If we define $S(n)$ as
$4=3+1=2+2=2+1+1=1+1+1+1$
$S(4)=3\cdot1+2\cdot2+2\cdot1\cdot1+1\cdot1\cdot1\cdot1=3+4+2+1=10$
$5=4+1=3+2=2+2+1=2+1+1+1=1+1+1+1+1$
$S(5)=4\cdot1+3\cdot2+2\cdot2\cdot1+2\cdot1\cdot1\cdot1+1\cdot1\cdot1\cdot1\cdot1=4+6+4+2+1=20$
$6=5+1=4+2=4+1+1=3+3=3+2+1=3+1+1+1=2+2+2=2+2+1+1=2+1+1+1+1=1+1+1+1+1+1$
$S(6)=5\cdot1+4\cdot2+4\cdot1\cdot1+3\cdot3+3\cdot2\cdot1+ 3\cdot1\cdot1\cdot1+2\cdot2\cdot2+2\cdot2\cdot1\cdot1+2\cdot1\cdot1\cdot1\cdot1+1\cdot1\cdot1\cdot1\cdot1\cdot1=5+8+4+9+6+3+8+4+2+1=50$
so what quantity of $n$ up to $41$ which $S(n)\equiv0\pmod5$?
Rephrasing the question: let $S(n) = \sum_{\lambda\, \vdash \, n,\, \lambda_1 < n} \prod_i \lambda_i$. Then what is $S(n) \bmod 5$?
As a calculation strategy, define $S(n, k) = \sum_{\lambda\,\vdash\,n,\, \lambda_1 \le k} \prod_i \lambda_i$ to be the corresponding sum over partitions of $n$ into parts no greater than $k$, so that $S(n) = S(n, n-1)$. Then we can consider the largest part in each partition and find the recursion $S(n, k) = \sum_{j=1}^{\min(k,n)} j S(n - j, j)$ with base case $S(0, k) = 1$ as there is one partition of $0$ and it has an empty product.

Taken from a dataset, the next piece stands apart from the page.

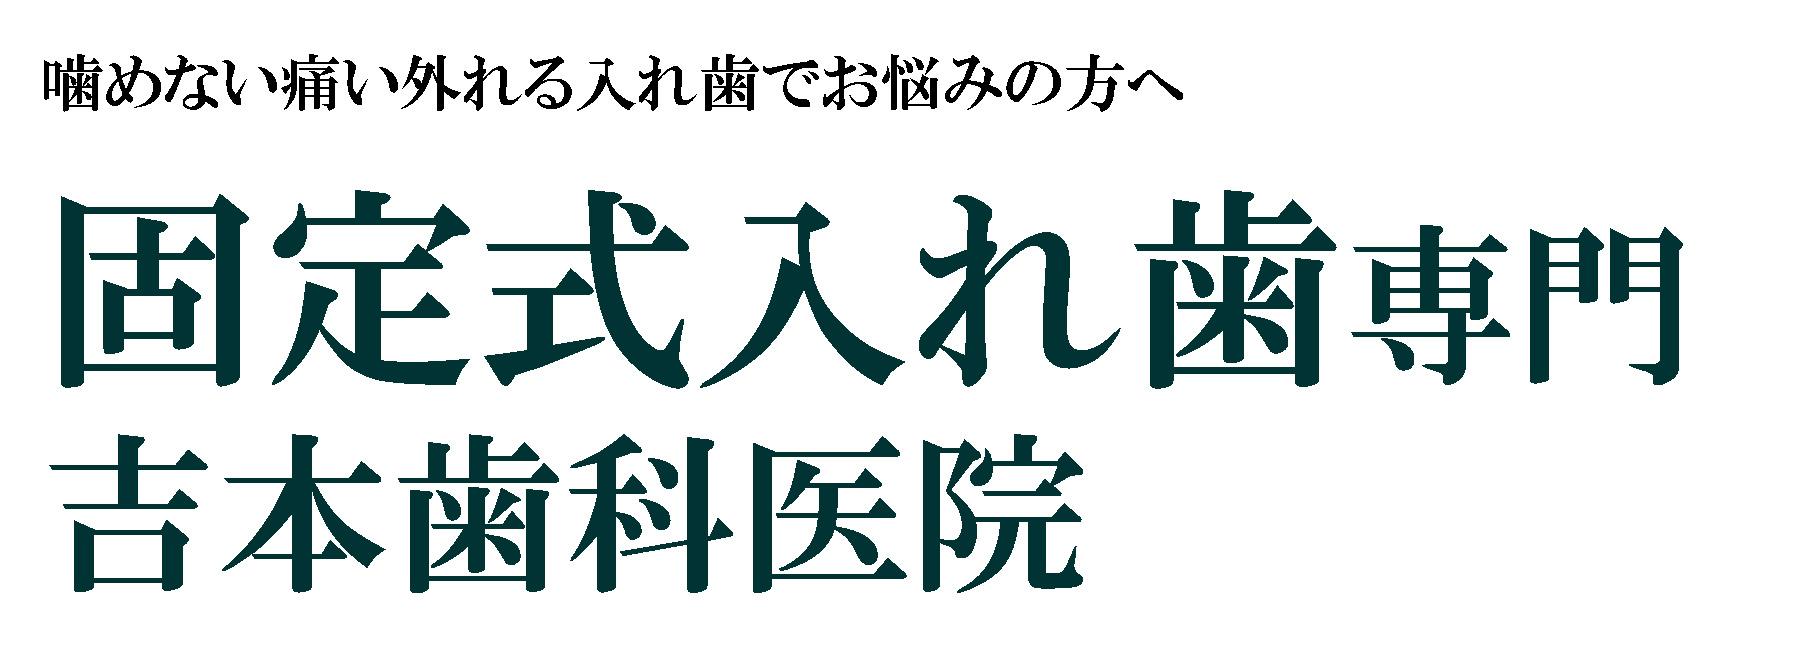 高知県で入れででお悩み方へ|固定式総入れ歯専門の吉本歯科医院(香川県)|志国高知県から来院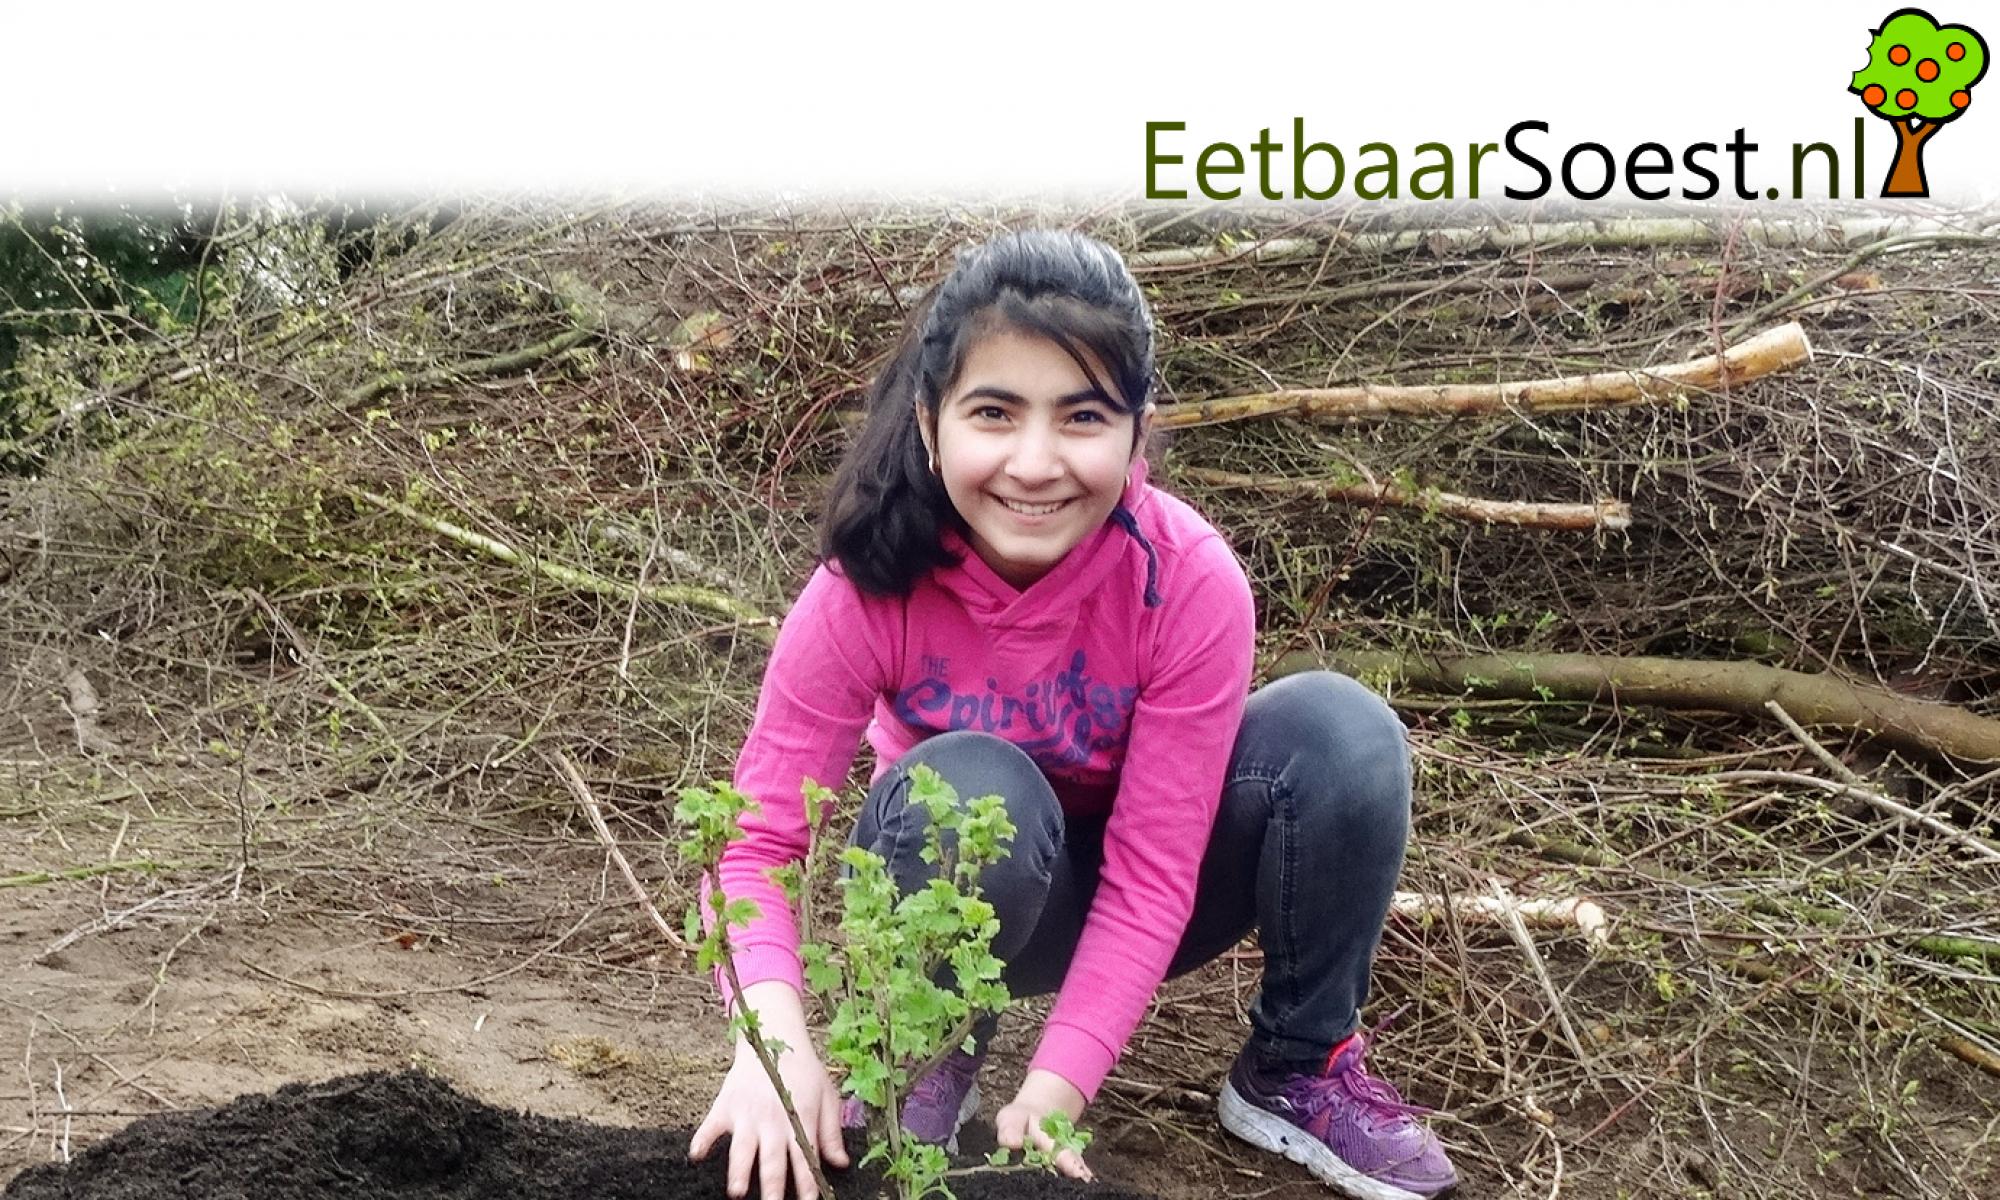 Eetbaar Soest  - Lekker & Ecologisch

Using this recursion it is easy to write a computer program to output a table of $S(n, k)$, but neither the table nor the values of $n$ for which $S(n, n-1) \equiv 0 \pmod 5$ are in OEIS, so this may not have been previously studied.